Task to carry out - An exact reproduction of the data below is expected, free of images.

Exercise data -
>>>

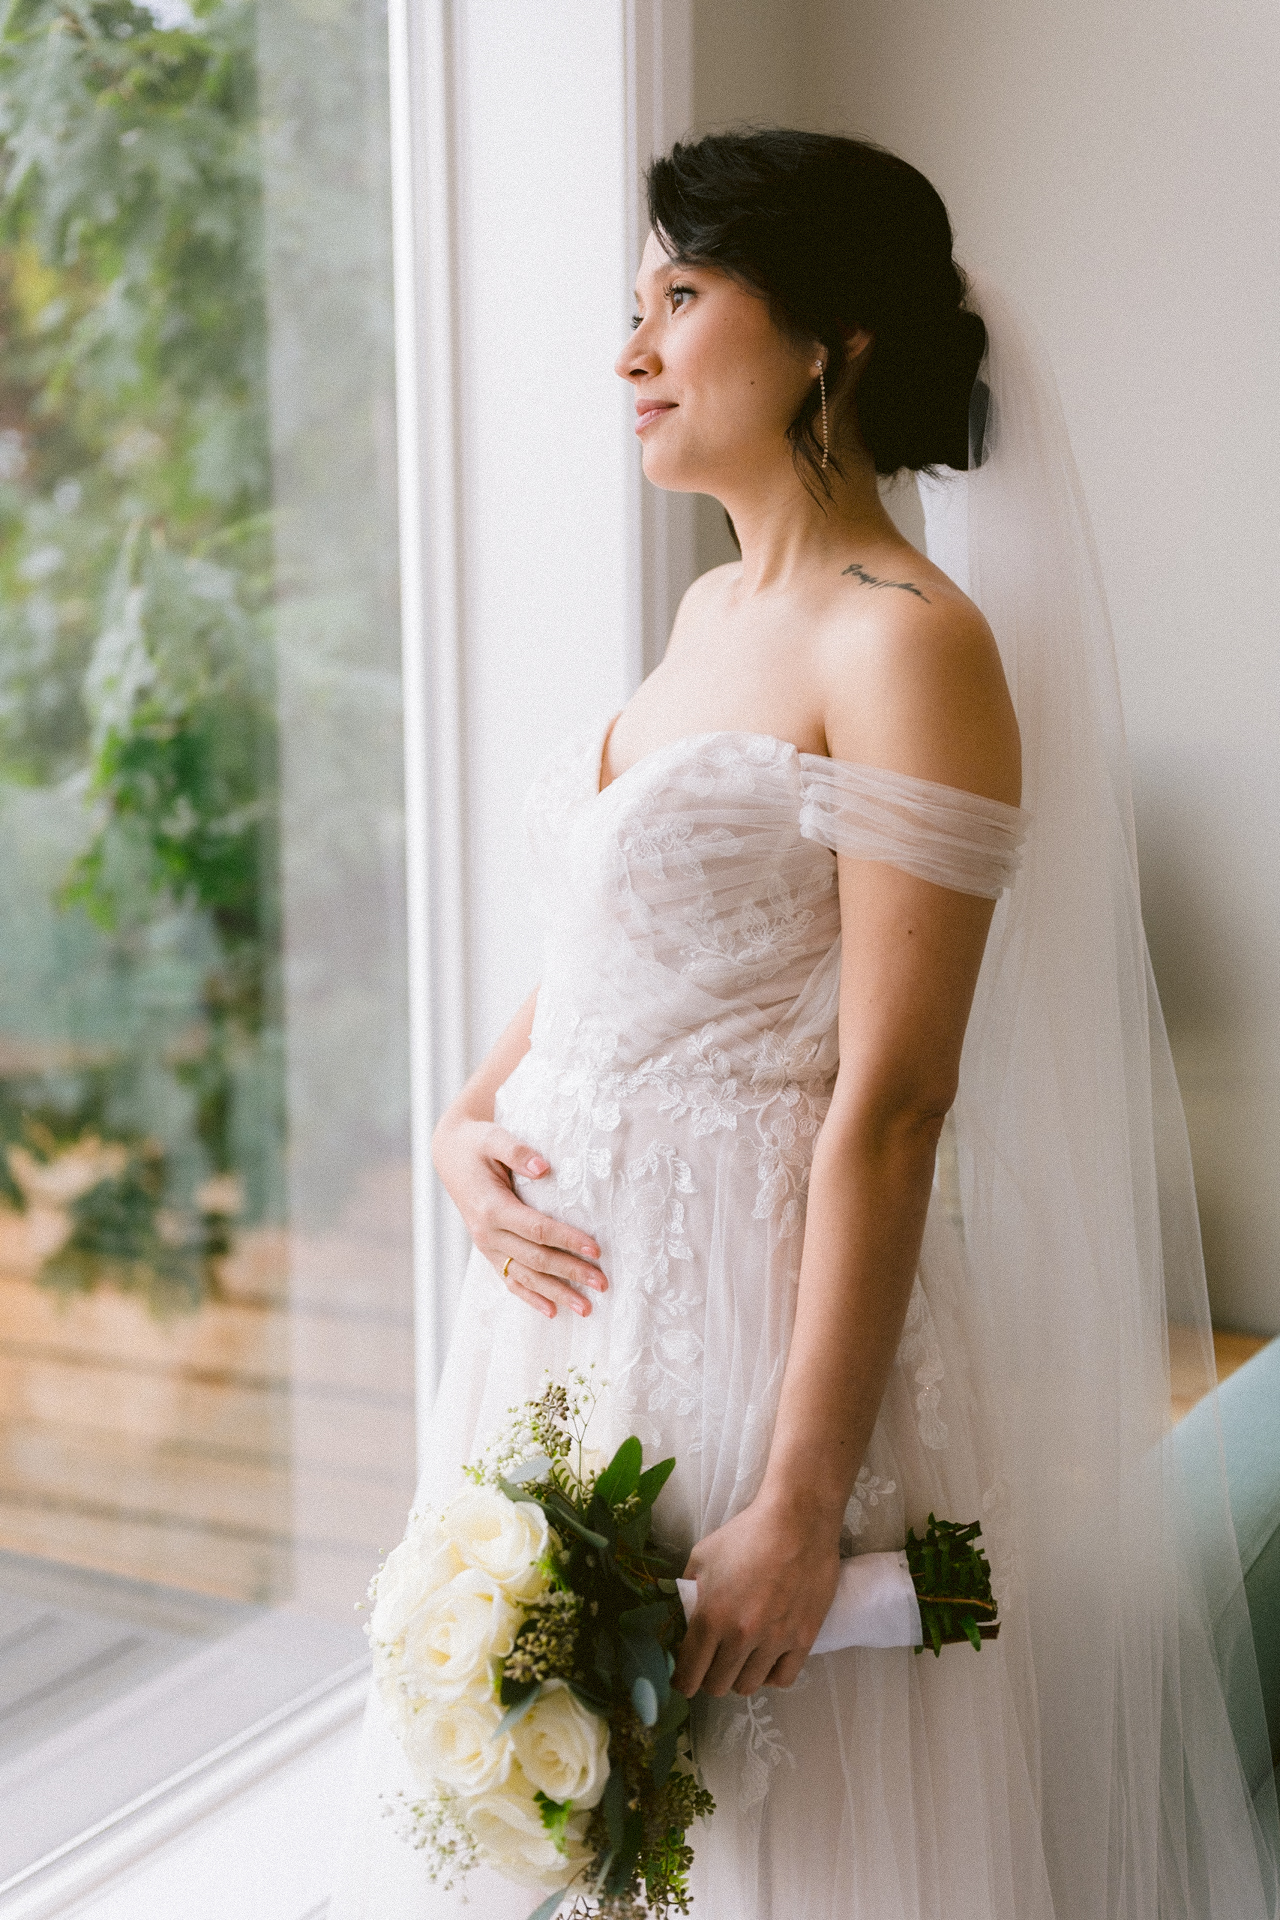 A bride in an off-the-shoulder lace dress with a veil, holding a bouquet, gazes out a window
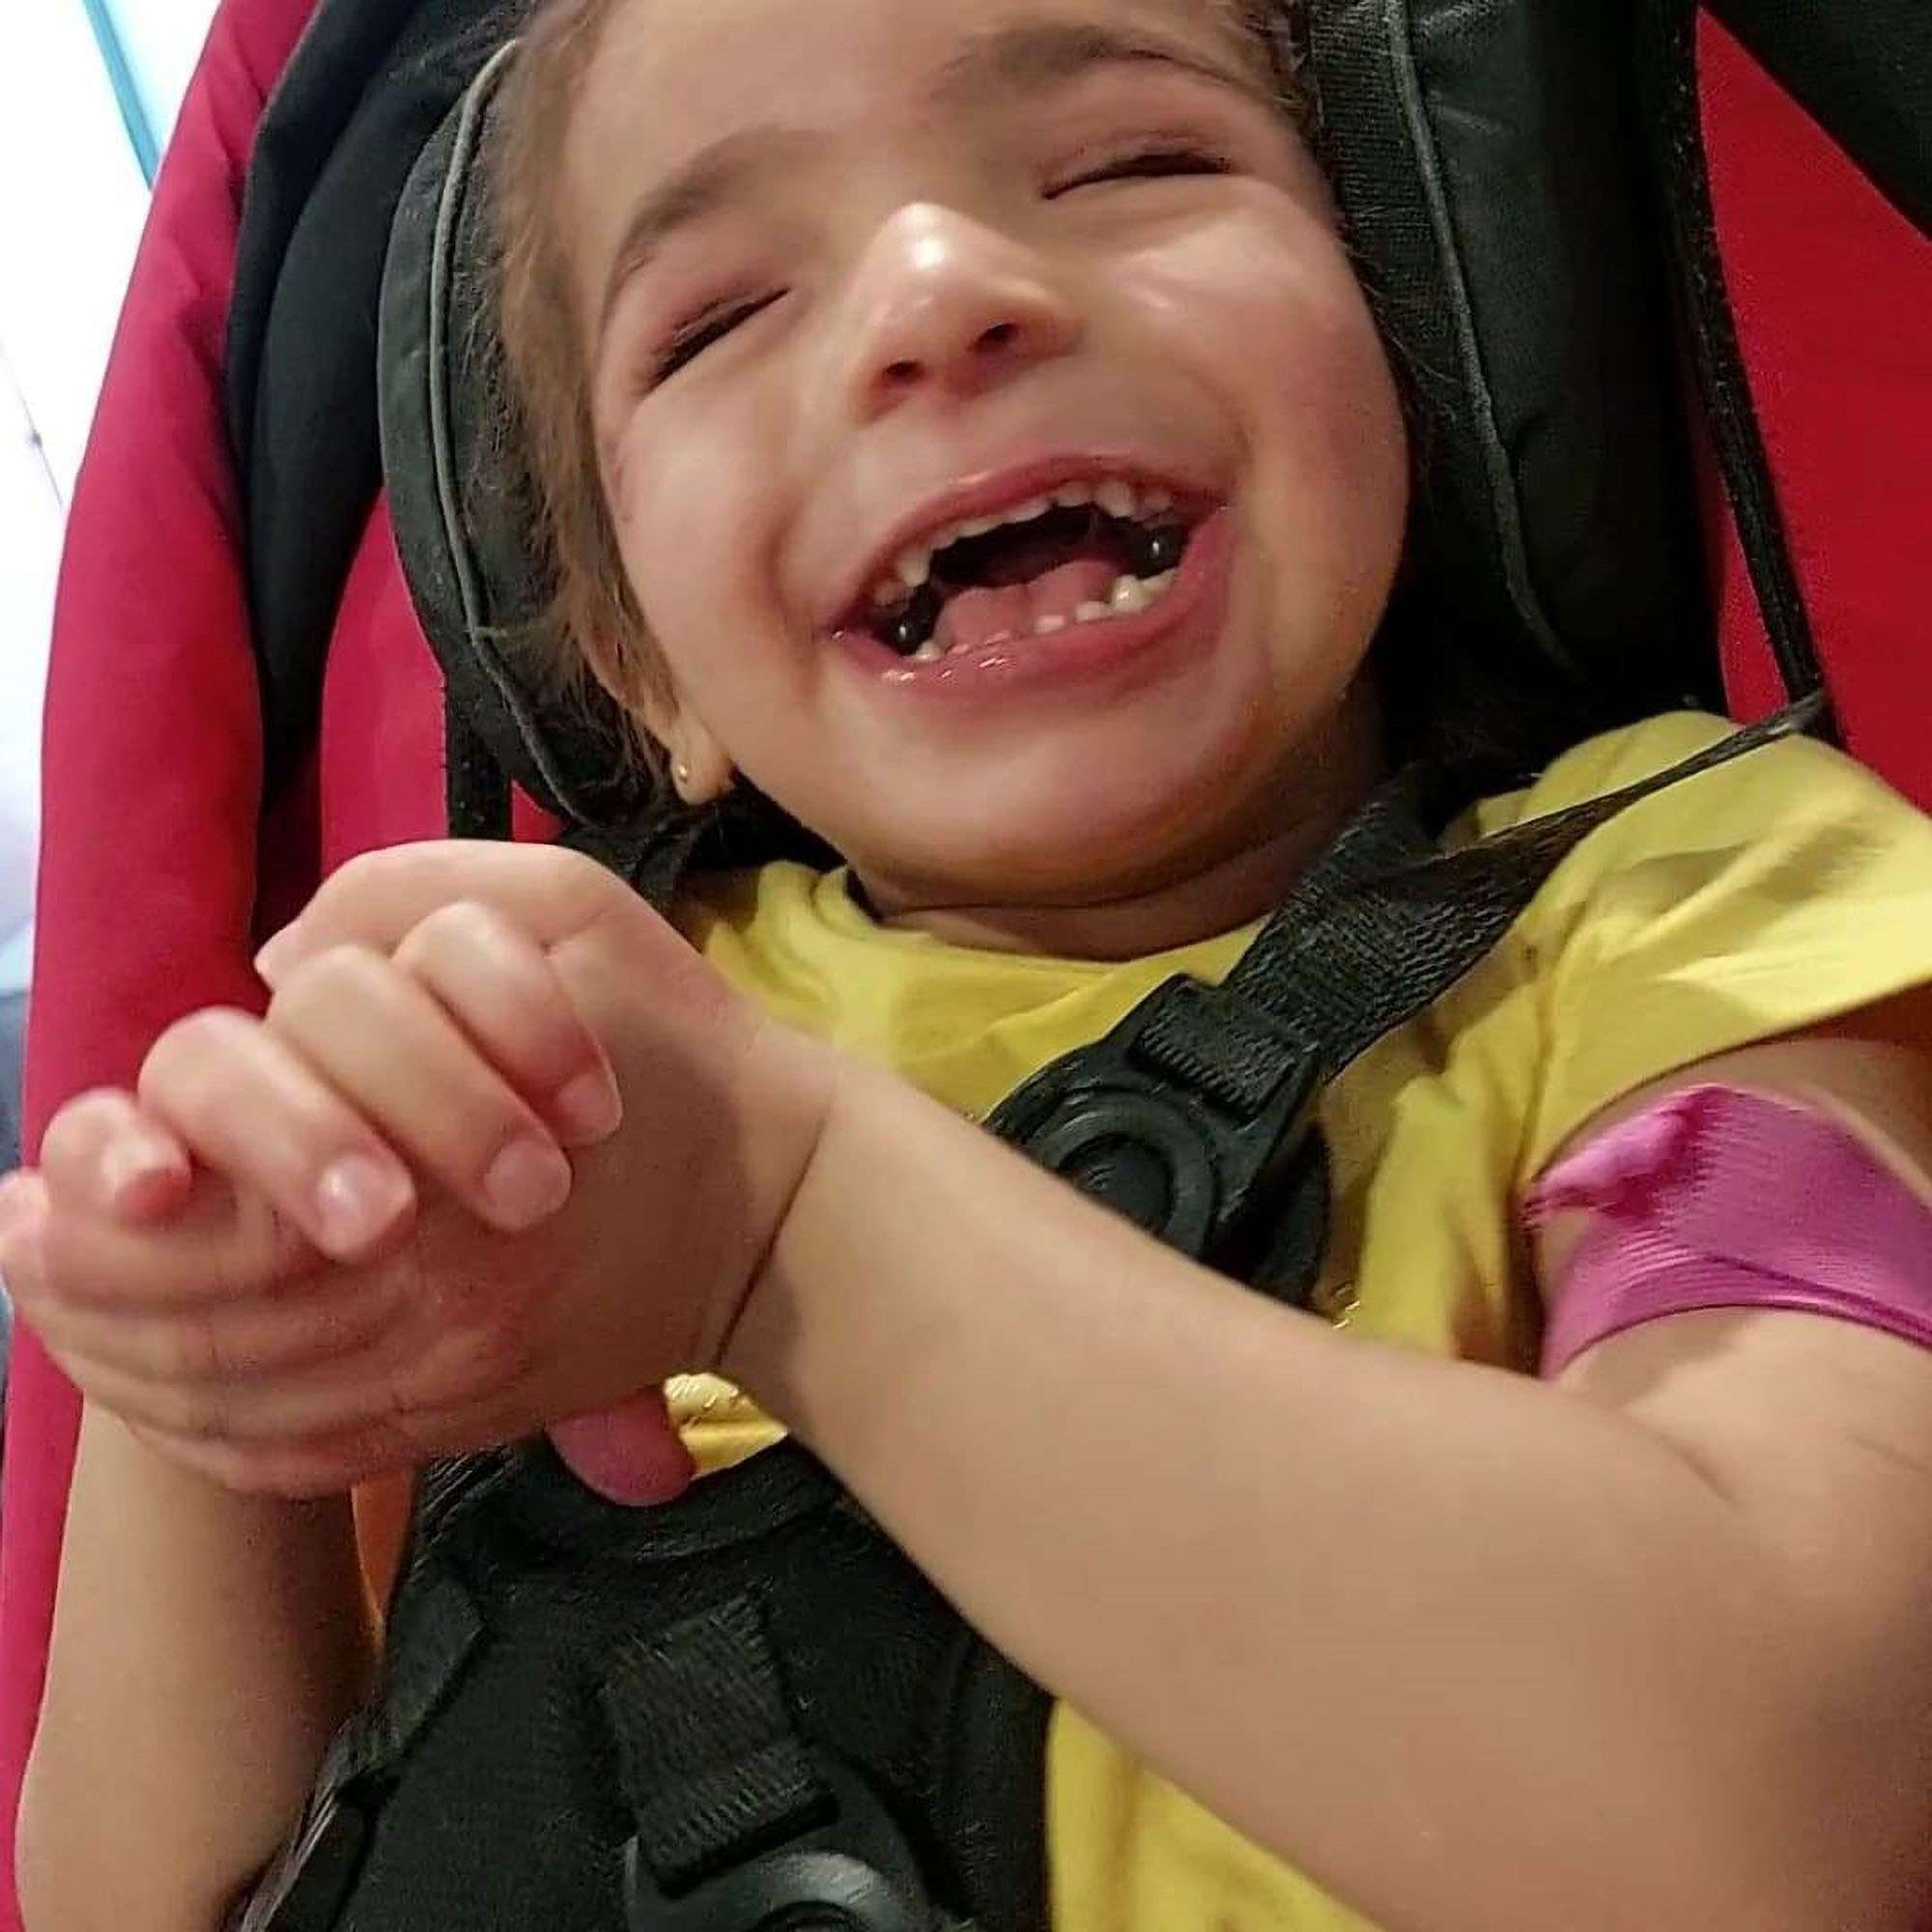 Read more about the article YOUNG GIRL’S TRAGEDY: Four-Year-Old Child Made Blind, Deaf And In Constant Pain From Rare Unknown Disease
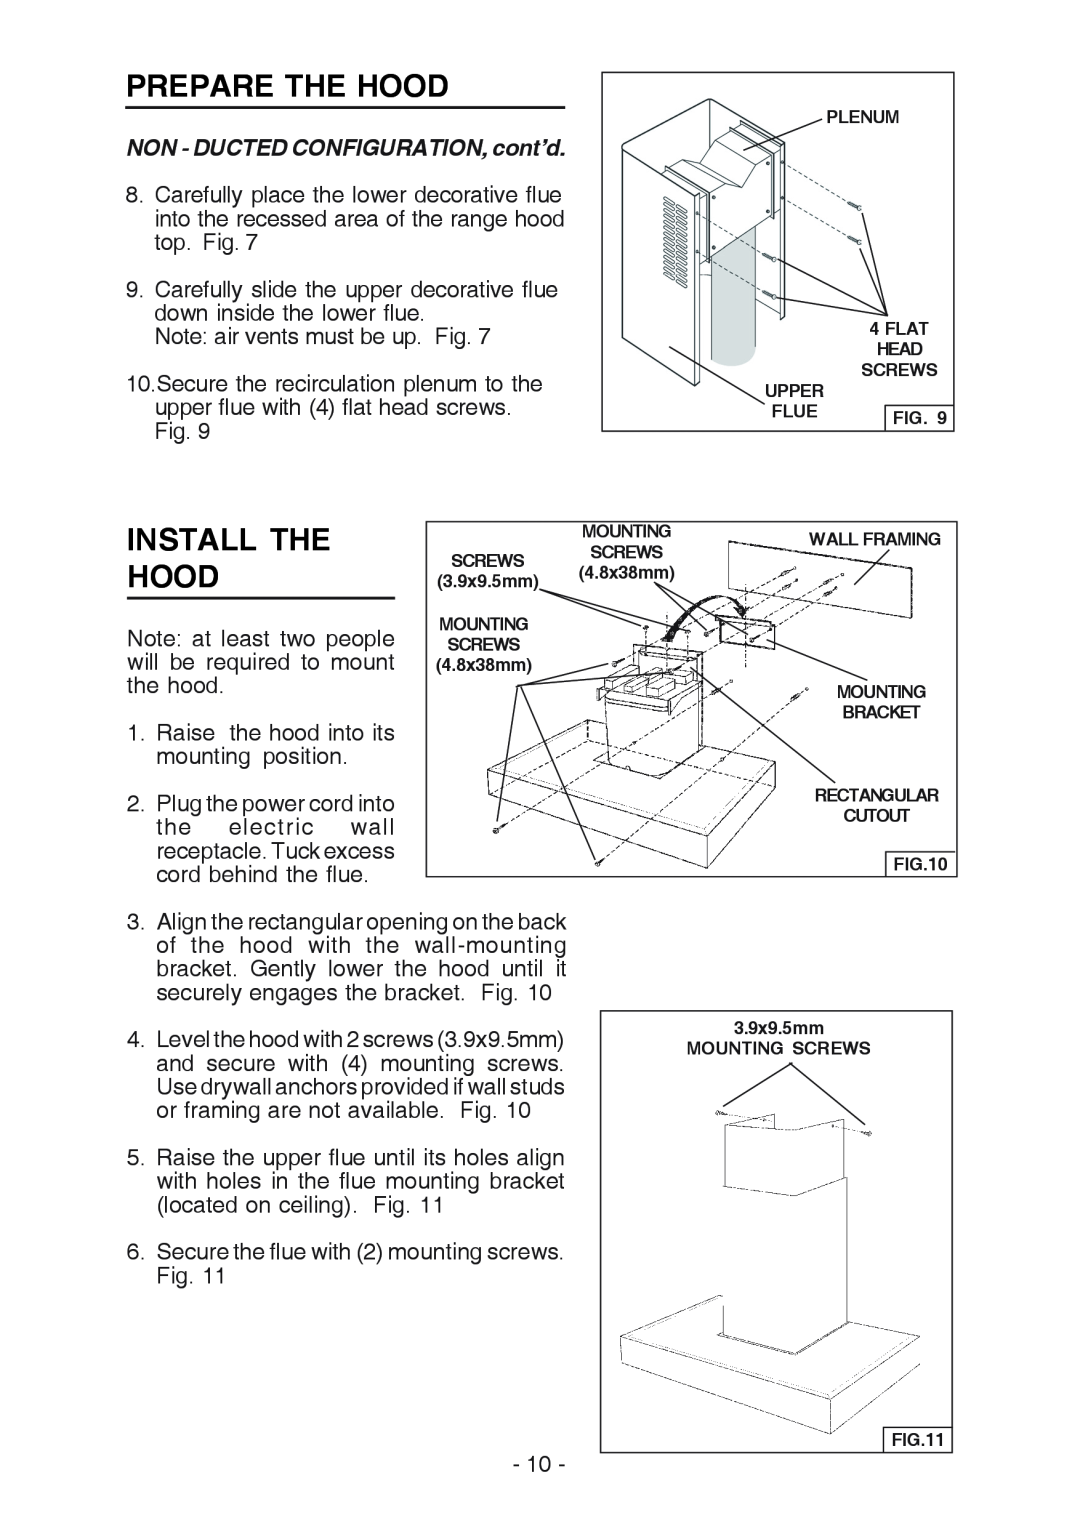 Broan RM533604 manual Install The Hood, NON - DUCTED CONFIGURATION, cont’d, Prepare The Hood

<<<

Answer section -
 A bride in an off-the-shoulder lace dress with a veil, holding a bouquet, gazes out a window
 Read more about the article YOUNG GIRL’S TRAGEDY: Four-Year-Old Child Made Blind, Deaf And In Constant Pain From Rare Unknown Disease
 Broan RM533604 manual Install The Hood, NON - DUCTED CONFIGURATION, cont’d, Prepare The Hood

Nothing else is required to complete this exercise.